• _AIM OF THE TASK_
The response should contain all of the data below, reproduced exactly, and no pictures.

• _DATA SECTION_

========================================================================

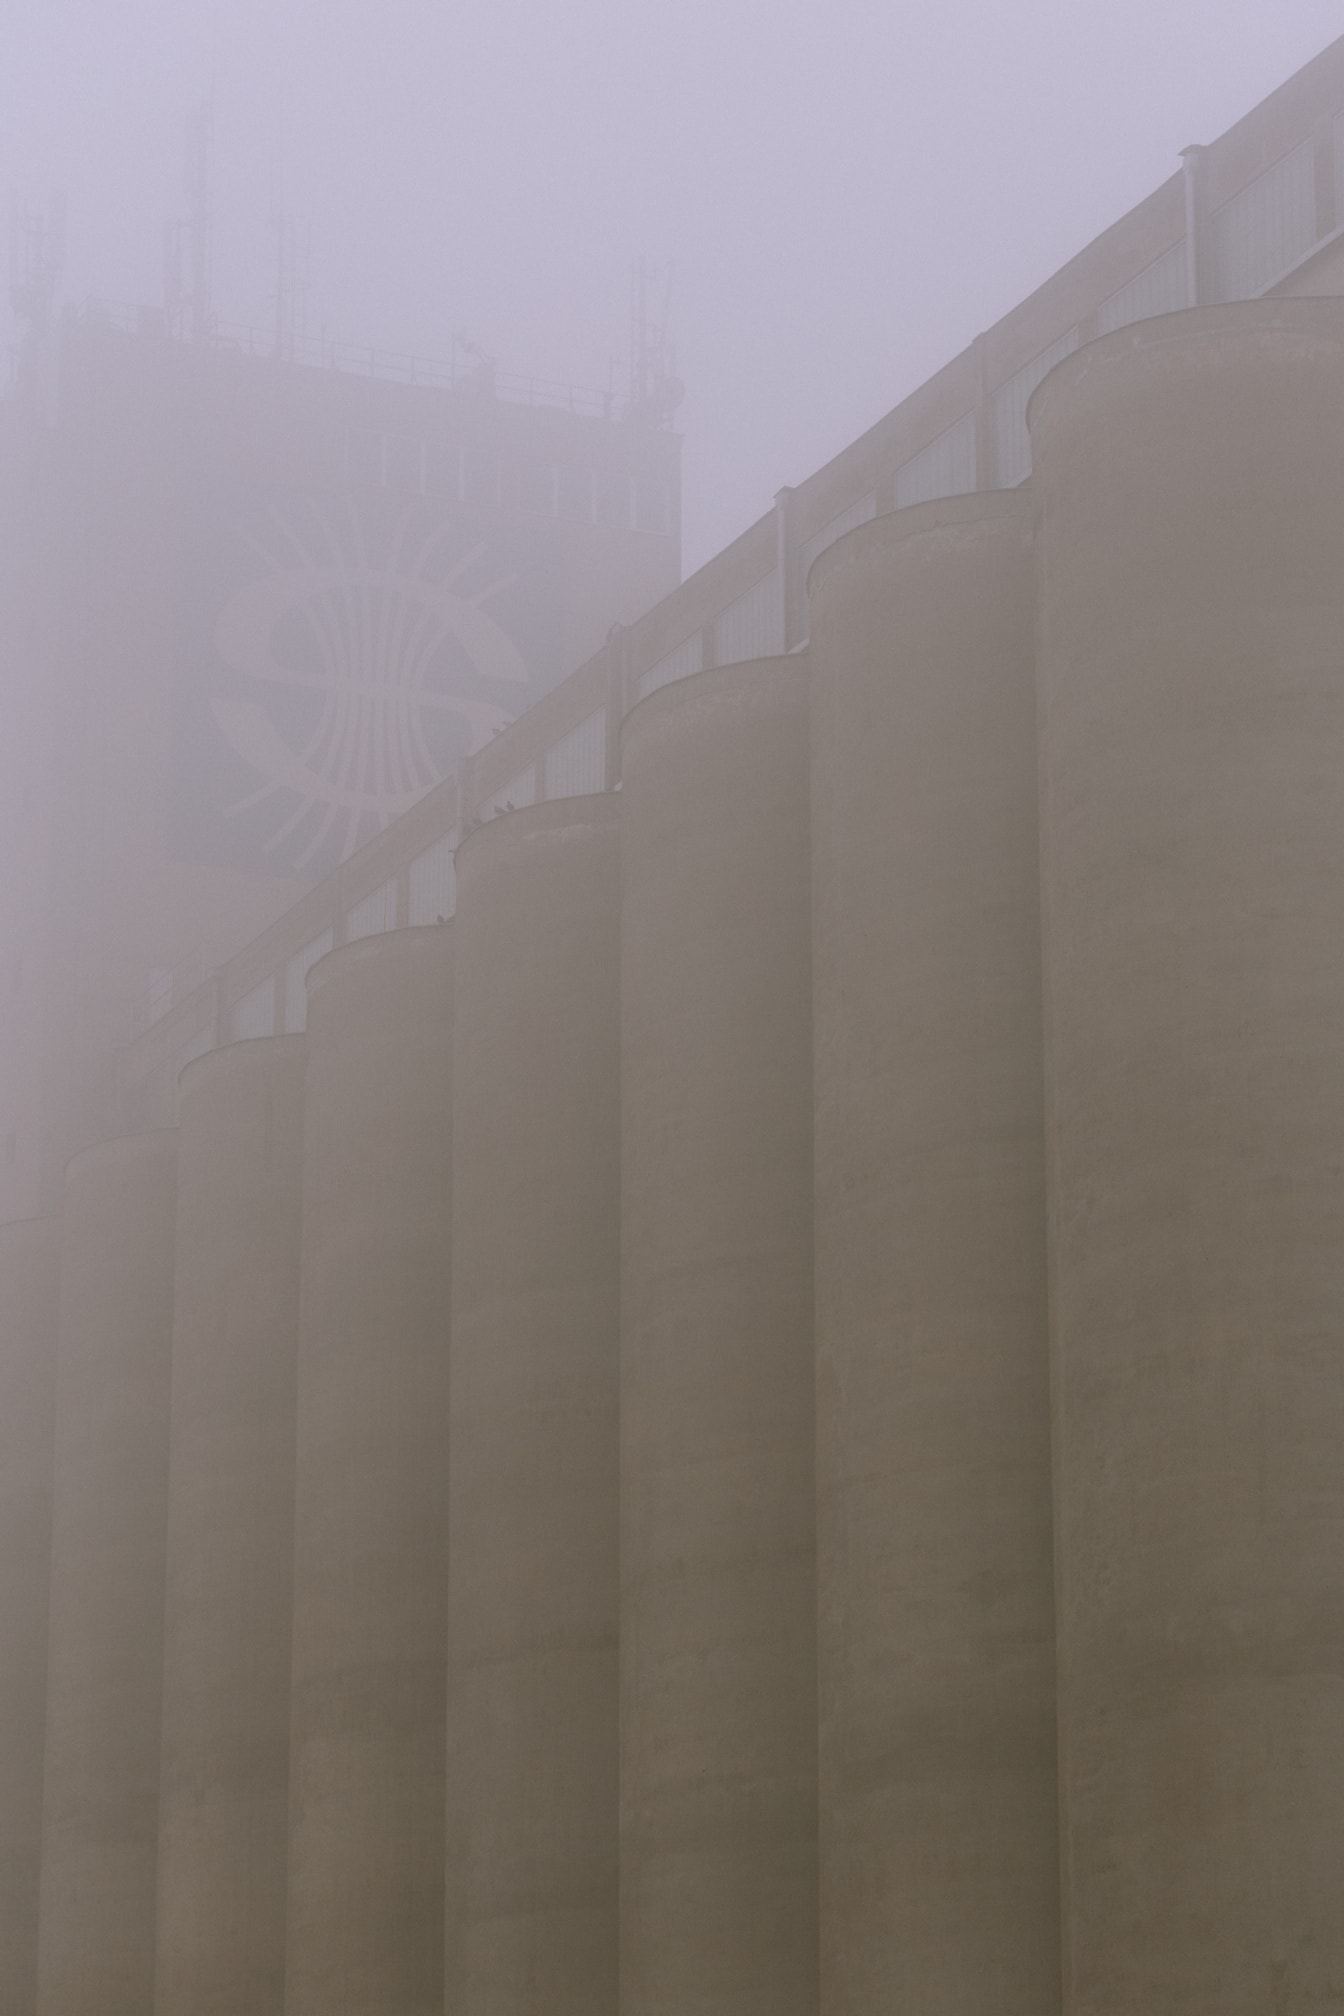 Yoğun siste sosyalist mimari tarzda uzun beton silo binası
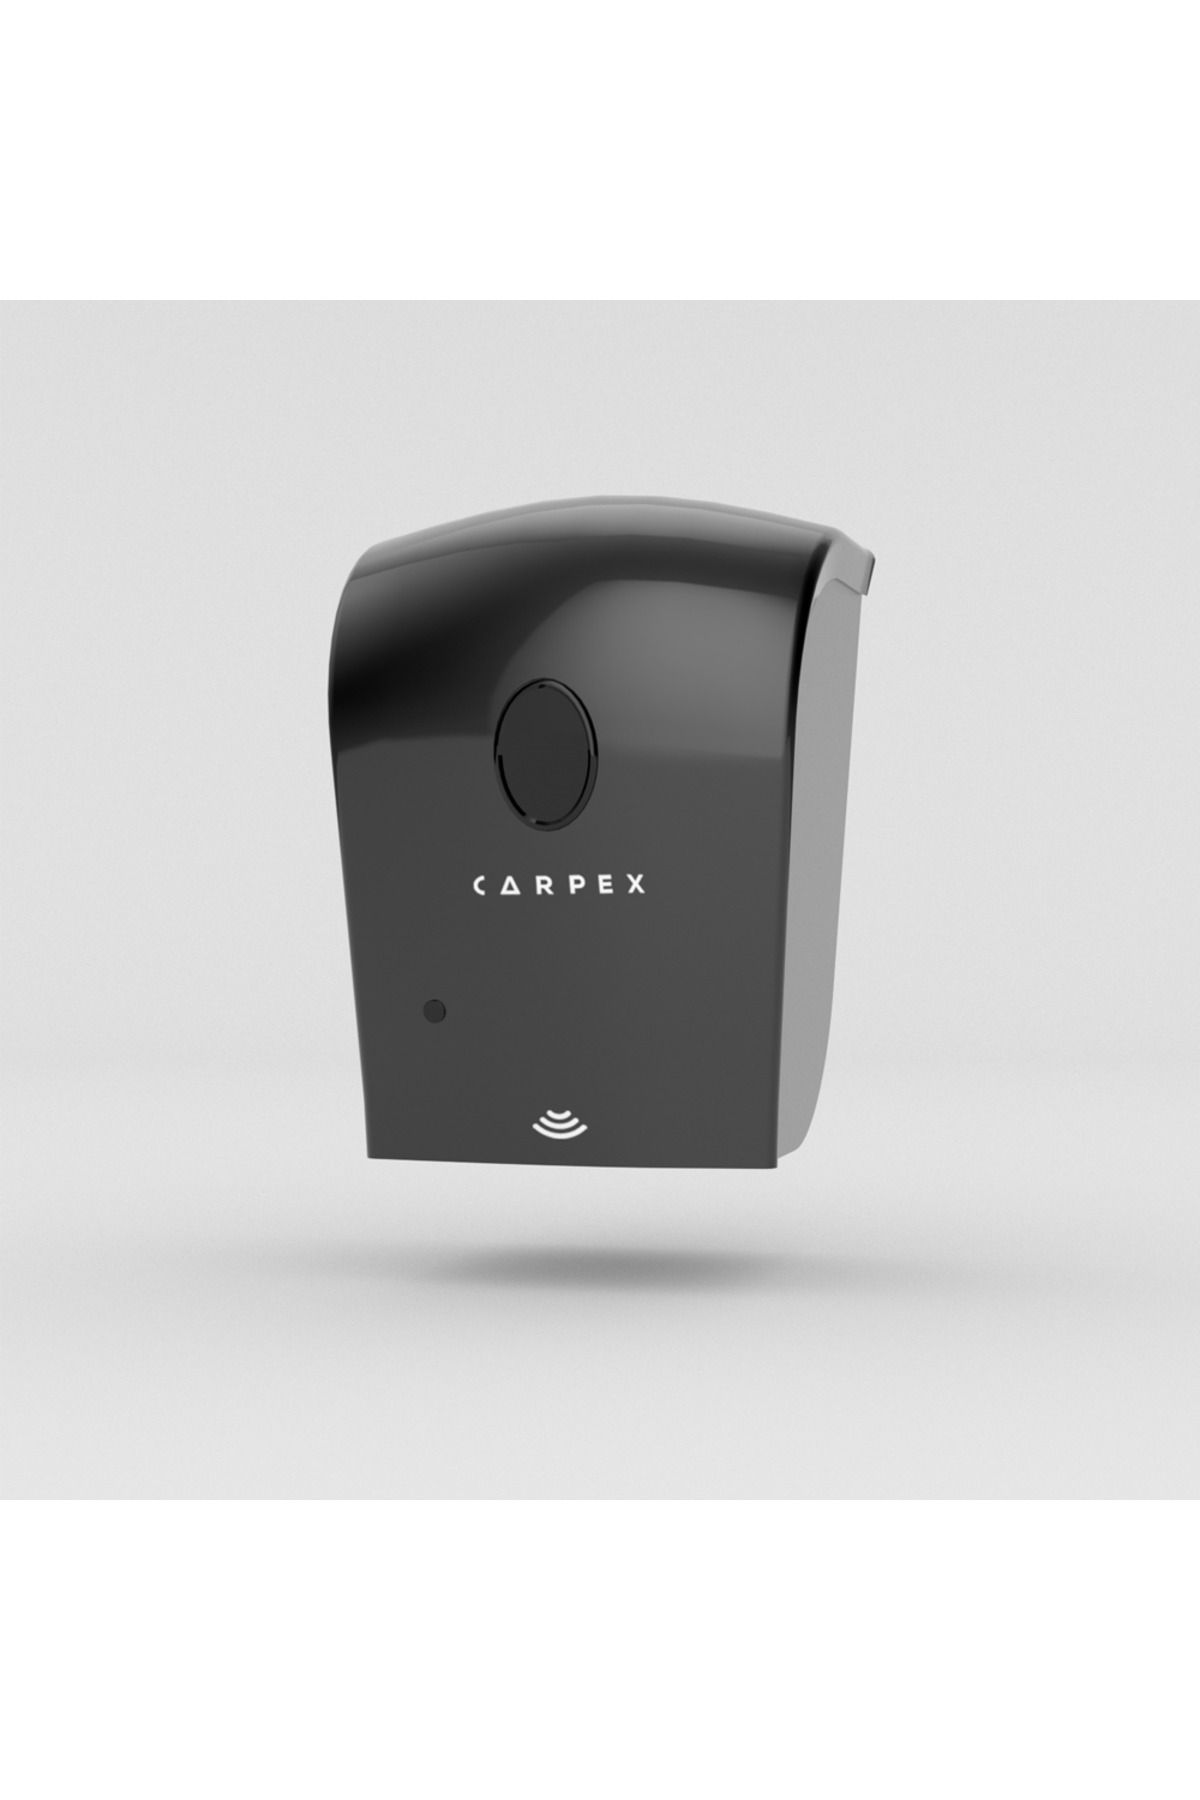 Carpex Otomatik Sensörlü Siyah Dezenfektan Ve Sıvı Sabun Dispenseri Hazneli 529302150001
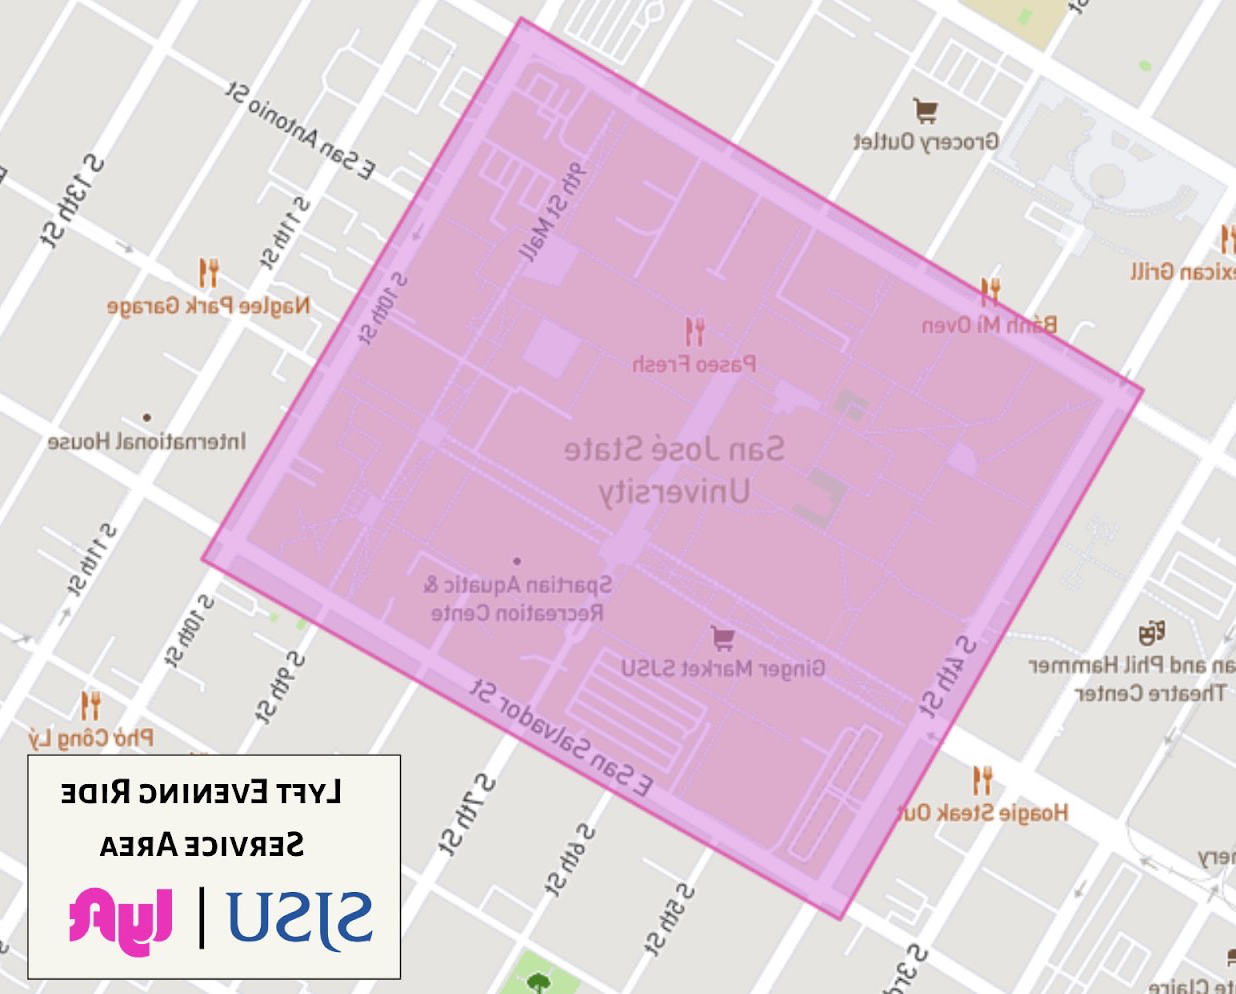 上海大学地图，粉色高亮的校园和附近地区，以显示lyft服务的边界
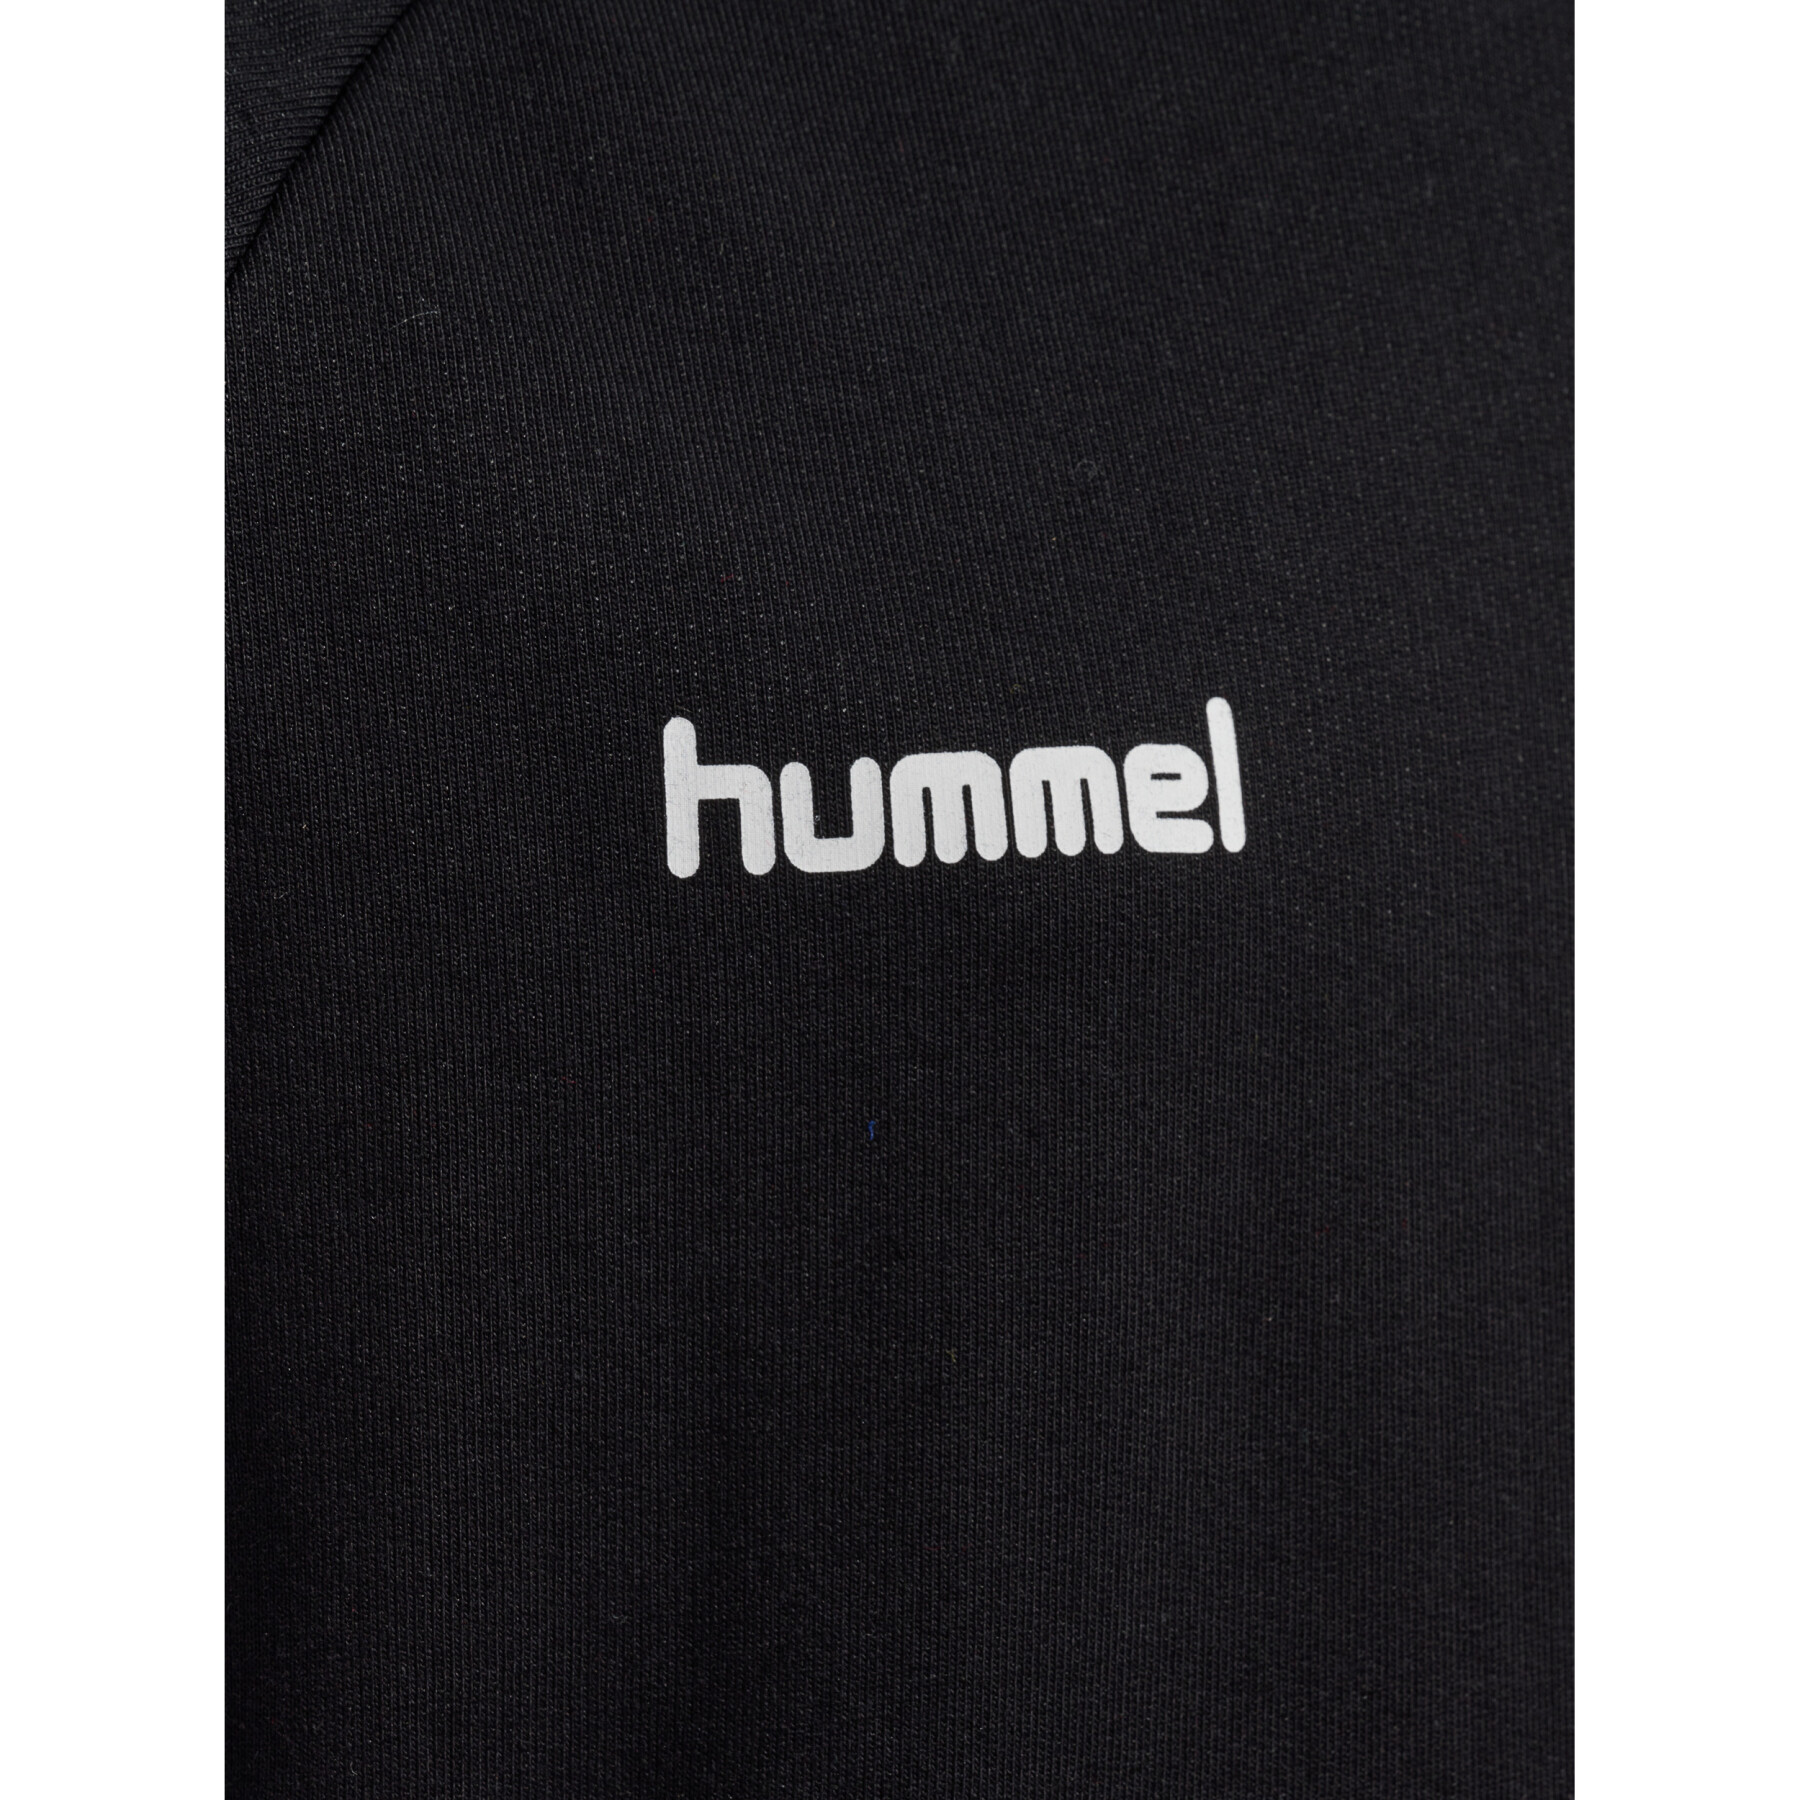 Sweatshirt child Hummel hmlGO cotton

========================================================================

• _RESULT_
 Yoğun siste sosyalist mimari tarzda uzun beton silo binası
 Carpex Otomatik Sensörlü Siyah Dezenfektan Ve Sıvı Sabun Dispenseri Hazneli 529302150001
 上海大学地图，粉色高亮的校园和附近地区，以显示lyft服务的边界
 Sweatshirt child Hummel hmlGO cotton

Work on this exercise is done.